Wer bei der Inhaltsangabe des Romans eine wütende Anklageschrift gegen die bis heute ungeschoren davongekommenen Fabrikinhaber erwartet, der dürfte beim Lesen enttäuscht sein. Statt einer Attacke schreibt Mario Desiati eine ruhige und beschauliche Geschichte. Im Mittelpunkt seiner Handlung steht das Miteinander zweier Frauen.
Auf der einen Seite hat man Domenica Orlando, Mimi wie sie von allen genannt wird. Eine ruhige und starke Persönlichkeit, die es schafft, ihre Tochter Arianna alleine großzuziehen und gleichzeitig eine glückliche Kindheit zu bescheren. Sie ist eine Frau, die sich nicht alles gefallen lässt, was vor allem gegen Ende des Romans offensichtlich wird.

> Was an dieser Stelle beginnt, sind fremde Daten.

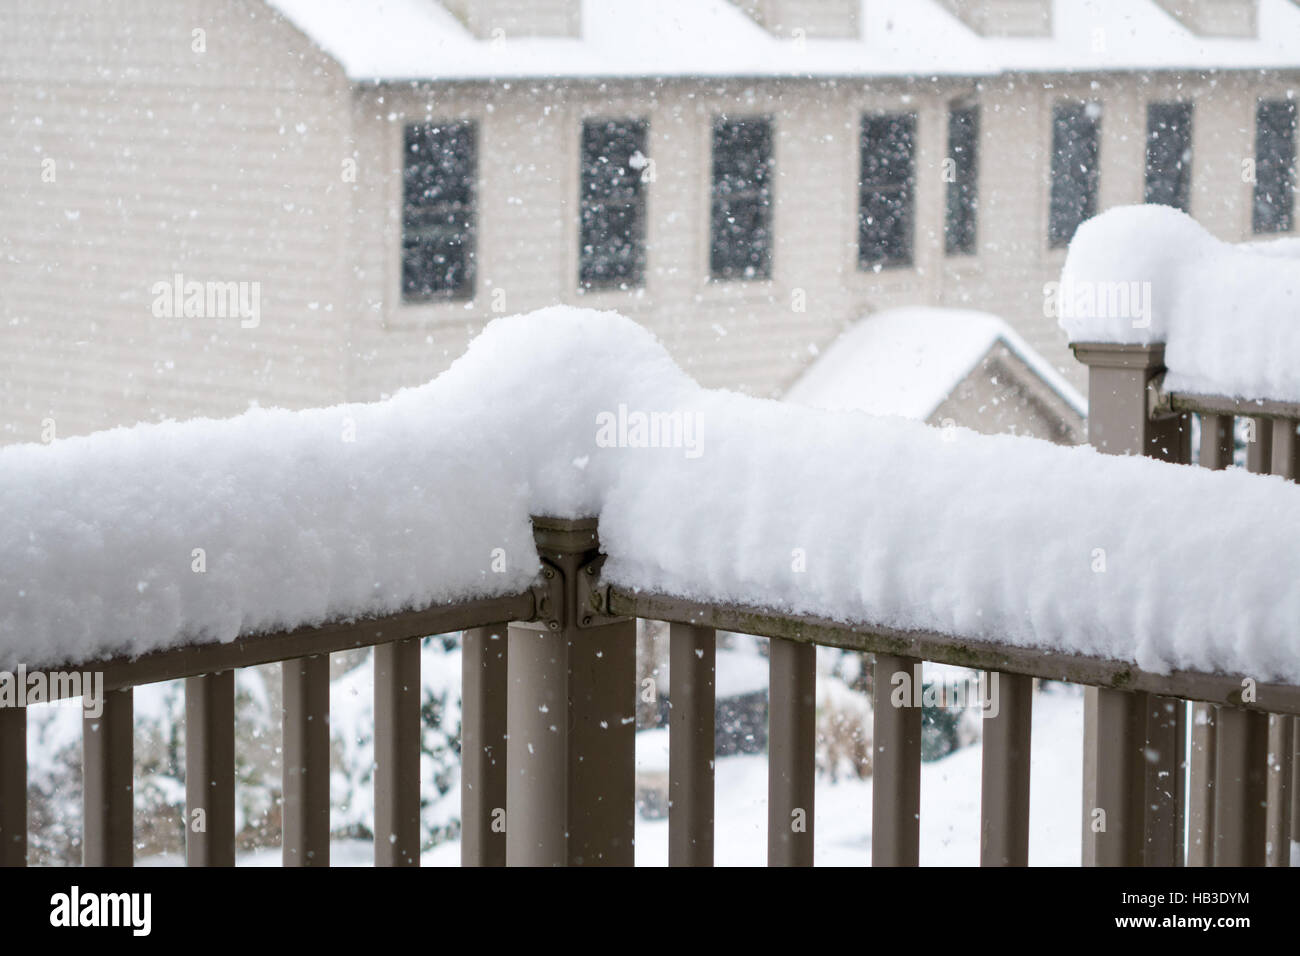 Snow piled high on railing of balcony Stock Photo

Eine Neigung, die sich auch auf ihre Tochter überträgt. Arianna ist genauso wie ihre Mutter stolz und selbstbewusst. Bei ihr bedeutet das, dass sie Jura studiert und sich dann daran macht, das Unrecht, was an ihrer Familie und ihrem Dorf begangen wurde, zu rächen. Sie hakt nach und lässt sich nicht abwimmeln. Sie ist fast so etwas wie die heimliche Heldin in Desiatis Roman.
Fast deshalb, weil die Geschichte keine klaren Helden kennt. Der Autor schafft es, seine Charaktere realistisch darzustellen. Sie leben und haben Ecken und Kanten, Geheimnisse die sie nur selten mit anderen teilen. Dabei gestaltet sich der Handlungsfortschritt ruhig, aber nicht langweilig. Desiati nimmt sich einfach die Zeit, seine Szenen gestalten zu können und seine Figuren sich fortentwickeln zu lassen.
Ein beeindruckendes Buch, das gerade deswegen am Ende eine unglaubliche Wucht entwickelt. Deshalb wird es auch als "Klassiker" bewertet und erhält den "Splashhit".
Fazit:
"Zementfasern" ist das Deutschlanddebüt von Mario Desiati. Der Autor schreibt auf ruhige Art eine Geschichte, die langsam eine unglaubliche Wucht entwickelt. Dabei konzentriert er sich vor allem auf das Miteinander seiner Protagonisten. Sowohl Mimi als auch ihre Tochter Arianna überzeugen und sind gut geschrieben. Dabei wirken sie sehr realistisch.